|Report date||Site||Event description|
|05000255/LER-2017-002||17 July 2017||Palisades|
On May 19, 2017, at 0206 hours, an unexpected Reactor Protection System (RPS) actuation occurred during pre-startup testing. The reactor was shutdown at the time, with all control rods inserted. The portion of the test that was in progress is designed to actuate the RPS from a loss of load input signal. To facilitate this part of the test with the reactor in a shutdown mode, one of two conditional steps in the procedure is to be taken. The generator motor operated disconnect 389 (MOD-389) is required to be in the open position, or protective trip circuity for the generator is required to be bypassed.
Due to a conditional step of the test procedure being misinterpreted by a Nuclear Control Operator (NCO), MOD-389 was left in the closed position and the generator protective trip circuity was not bypassed. This resulted in the RPS actuation occurring prior to the preplanned sequence. The RPS responded as designed. All components operated as expected for the plant conditions.
The cause of the unexpected RPS actuation was human performance errors during procedure performance, e.g., lack of self-validation/verification, misinterpretation of information, and lack of peer check verification.
Corrective actions from the event include the removal of the NCO's licensed operator qualifications until remediated and initiation of a standing order requiring peer check verification for all procedure conditional steps until the applicable administrative procedure is revised. Additionally, a case study of the event will be included in a 2017 operations high intensity training session.
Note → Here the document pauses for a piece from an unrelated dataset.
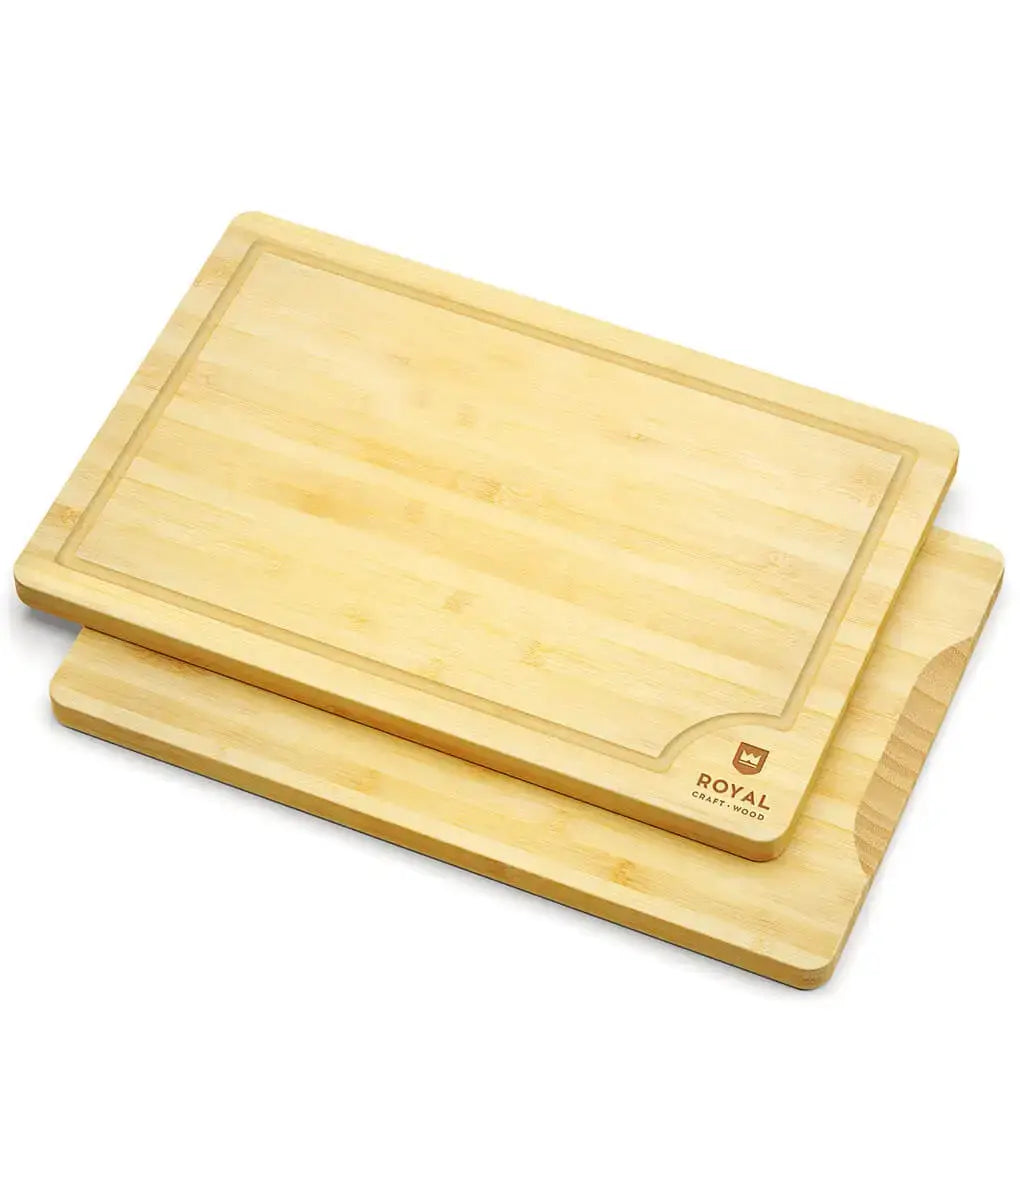 Bamboo cutting board 12x18

|05000255/LER-2017-001||24 May 2017||Palisades|
On March 29, 2017, during an evaluation of protection of Technical Specification (TS) equipment from the damaging effects of tornados, nonconforming conditions were identified in the plant design. Specifically, TS equipment did not meet current design basis for protection against potential tornado missile impact. Identified components/systems were declared inoperable and NRC Enforcement Guidance Memorandum (EGM) 15-002, "Enforcement Discretion for Tornado Generated Missile Protection Noncompliance," was implemented. Initial compensatory measures were implemented, per the guidance of NRC Interim Staff Guidance DSS-ISG-2016-01 Appendix A, within the time allowed by the applicable Limiting Conditions for Operation (LCOs) and the associated systems were then declared operable but nonconforming.
The six systems, containing TS required equipment, did not meet current design basis for protection against potential tornado missile impact. Credible tornado missile impacts could affect the following systems; Service Water, Fuel Oil, Emergency Diesel Generators, Auxiliary Feedwater, Component Cooling Water and Control Room Ventilation Filtration.
Comprehensive compensatory measures will be implemented in approximately 60 days of discovery, per the guidance of NRC Interim Staff Guidance DSS-ISG-2016-01 Appendix A.
Due to the historical nature of the issue, a specific cause for the identified vulnerabilities was not determined.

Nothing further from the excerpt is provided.